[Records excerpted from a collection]
★ ★ ★ ★ ★

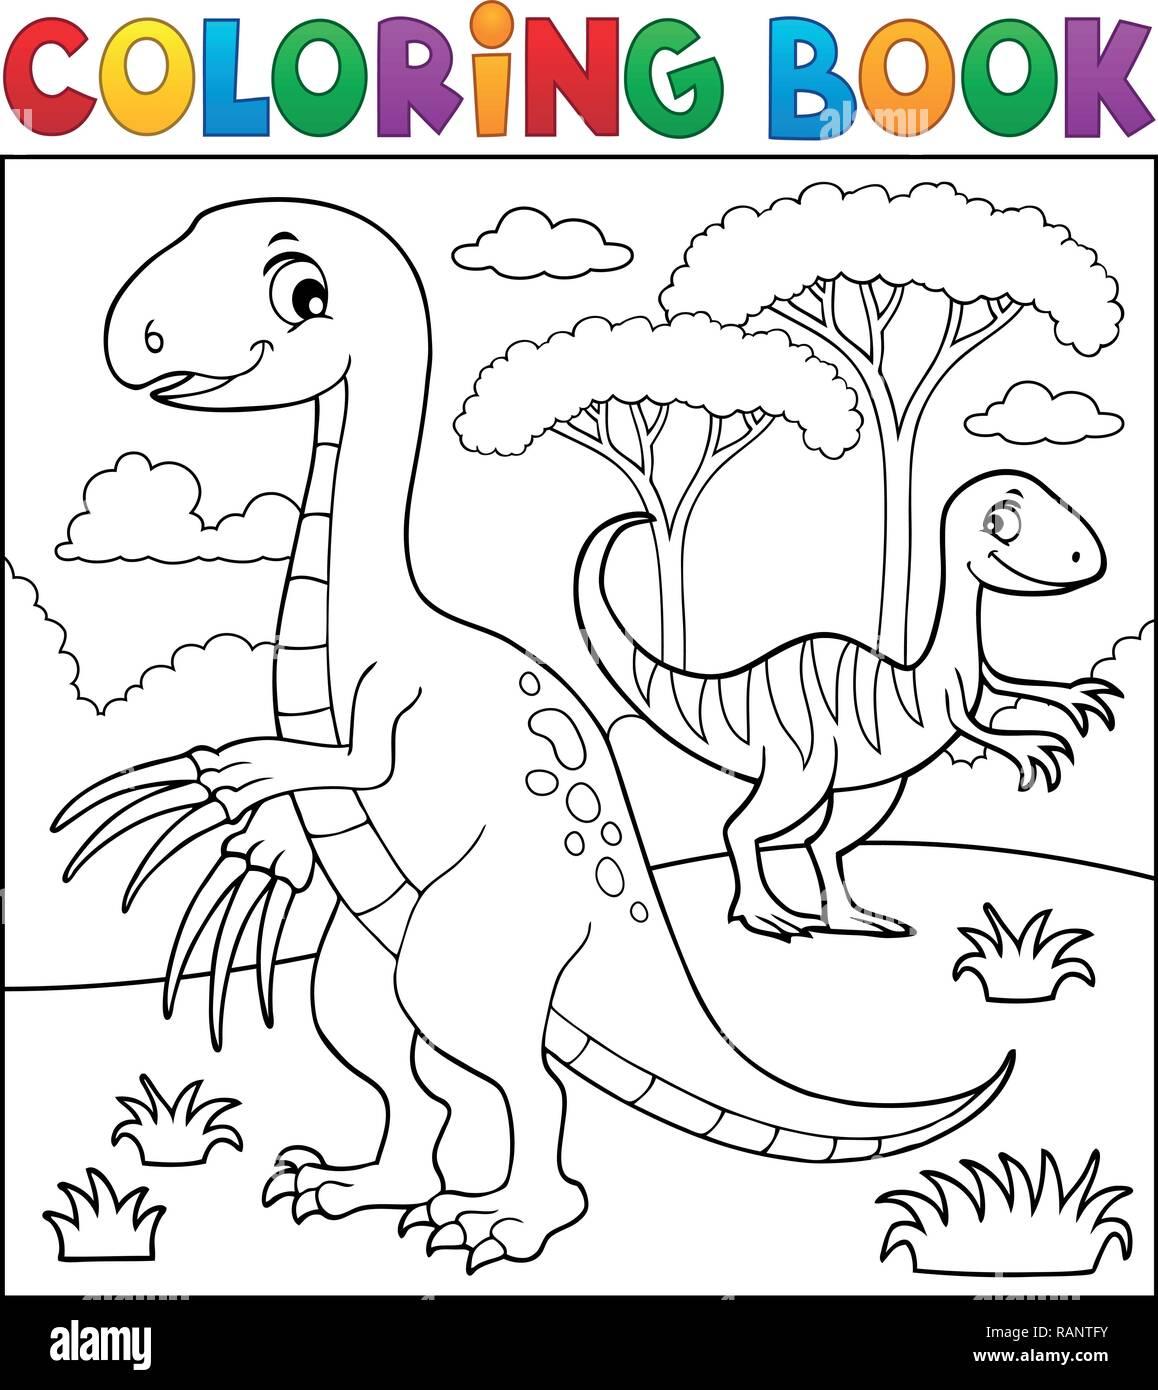 Libro Para Colorear De Dinosaurios Imagen Tema 4 Eps10 Ilustracion Vectorial Imagen Vector De Stock Alamy Este conjunto incluye 16 plantillas en forma de dinosaurio. https www alamy es libro para colorear de dinosaurios imagen tema 4 eps10 ilustracion vectorial image230361599 html
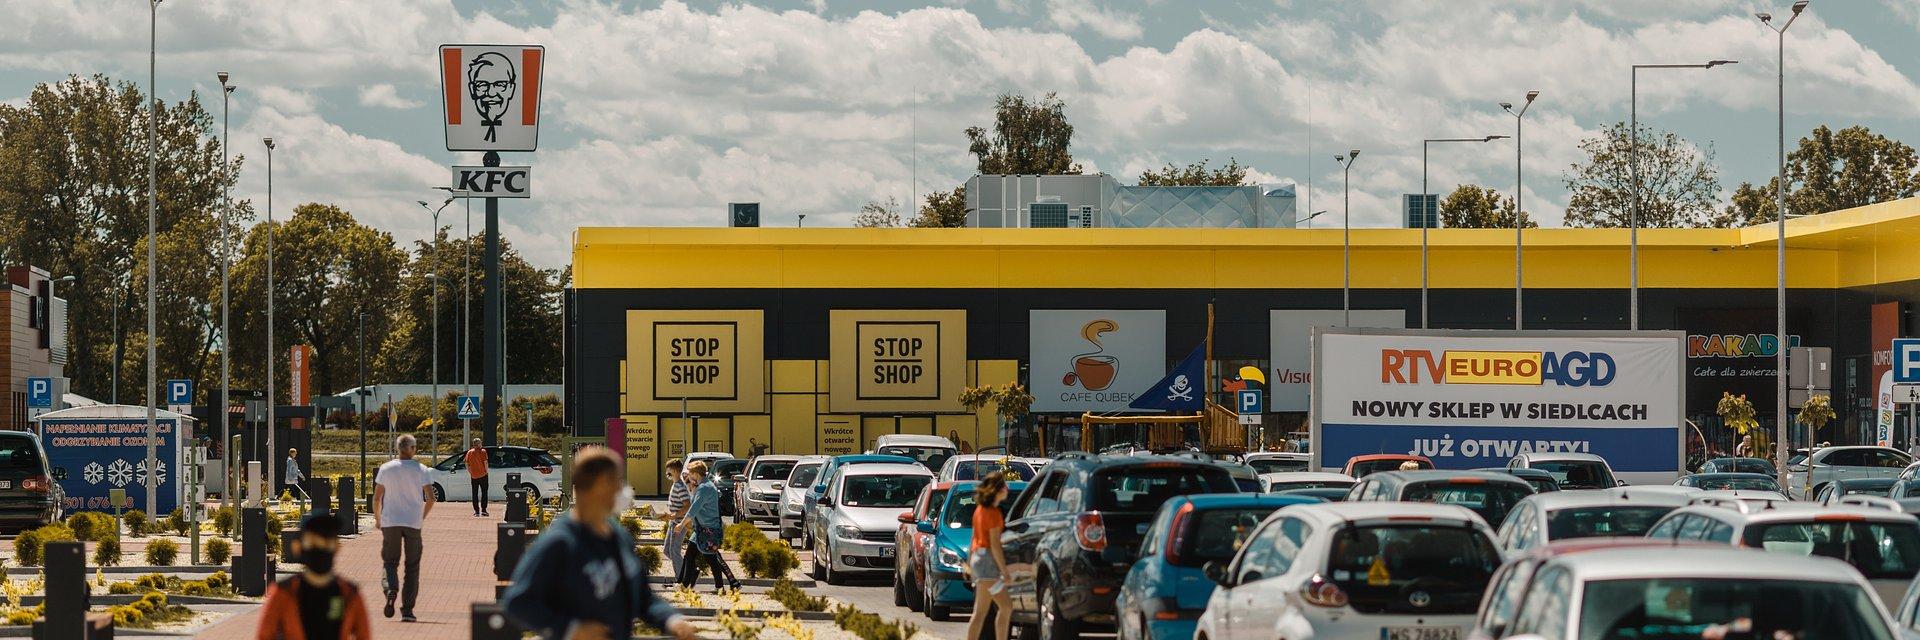 Parki handlowe z wyższą odwiedzalnością w pandemii. Czynsze dużo niższe niż w centrach
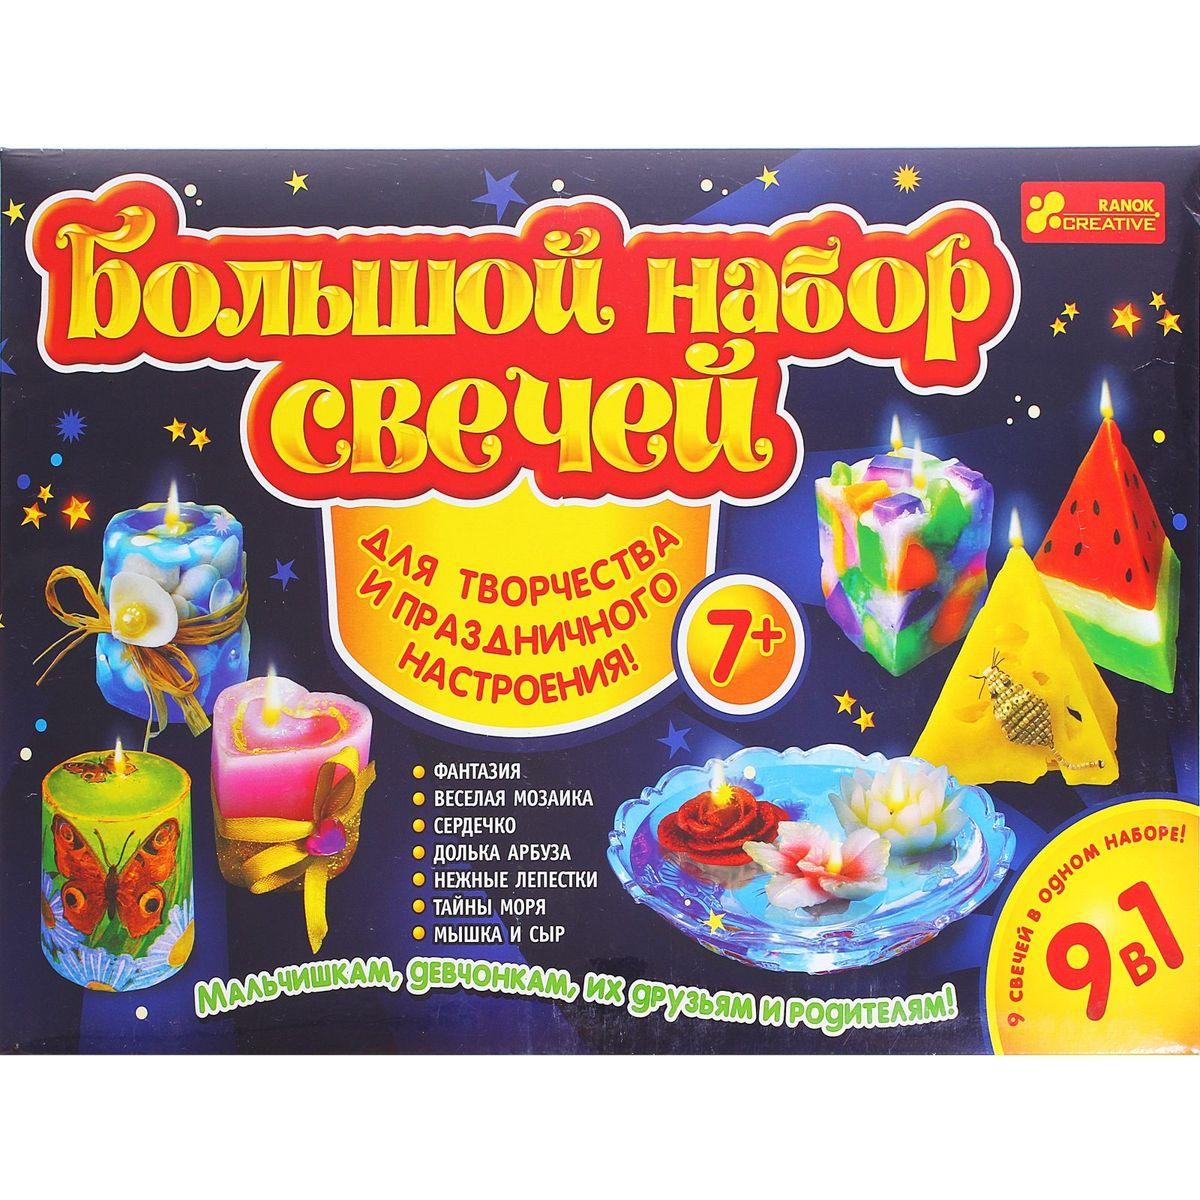 Набор для творчества Большой набор свечей 9 в 1. 10972101097210
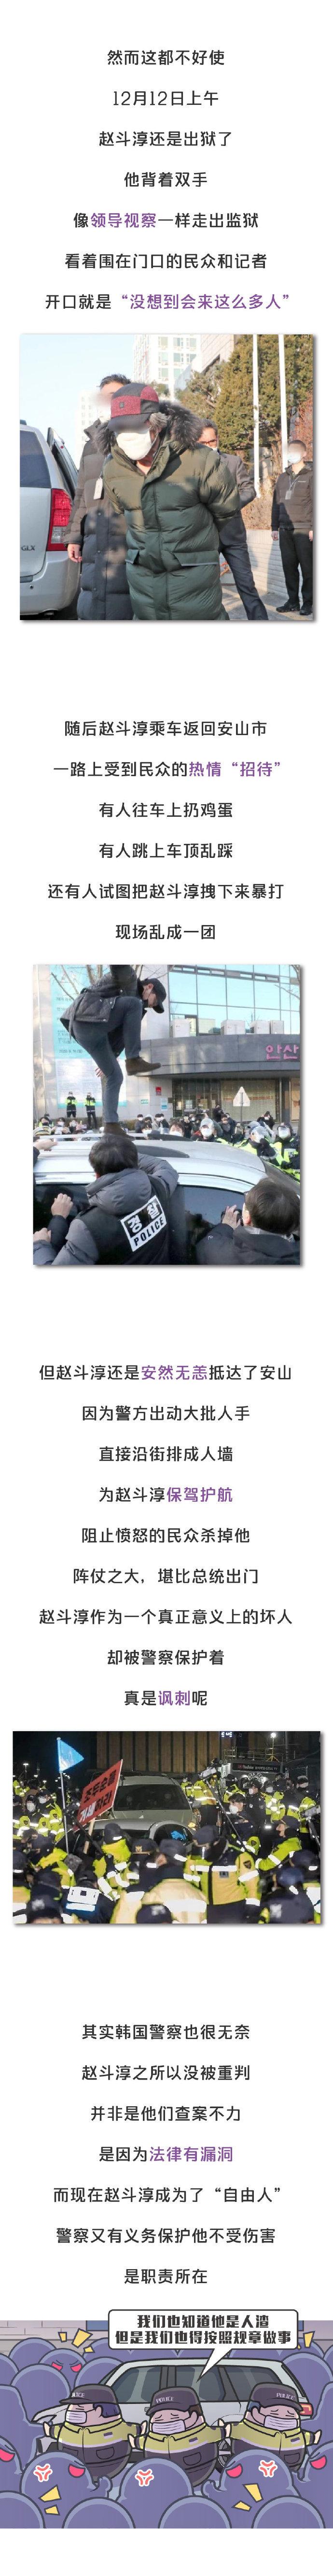 素媛案犯人出狱了,5200万韩国人都想杀了他
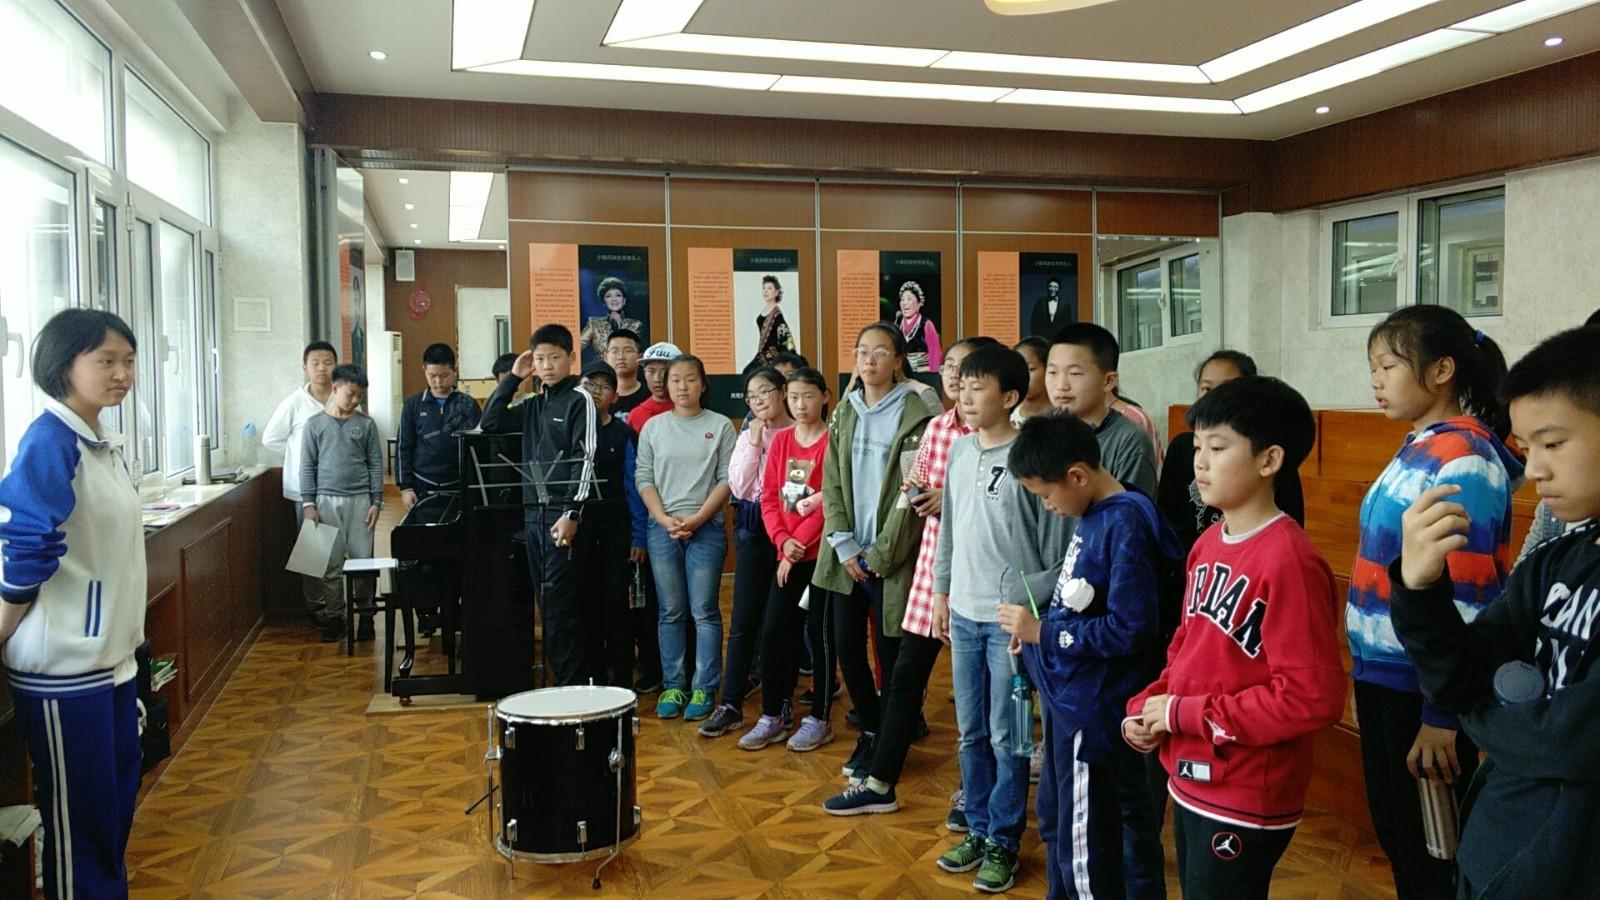 参观高中部音乐教室.jpg

★ ★ ★ ★ ★

Your task is a word-for-word transcription of the entries, leaving out all pictures.

▶ [Reply]
 Libro Para Colorear De Dinosaurios Imagen Tema 4 Eps10 Ilustracion Vectorial Imagen Vector De Stock Alamy Este conjunto incluye 16 plantillas en forma de dinosaurio. https www alamy es libro para colorear de dinosaurios imagen tema 4 eps10 ilustracion vectorial image230361599 html
 Parki handlowe z wyższą odwiedzalnością w pandemii. Czynsze dużo niższe niż w centrach
 Набор для творчества Большой набор свечей 9 в 1. 10972101097210
 素媛案犯人出狱了,5200万韩国人都想杀了他
 参观高中部音乐教室.jpg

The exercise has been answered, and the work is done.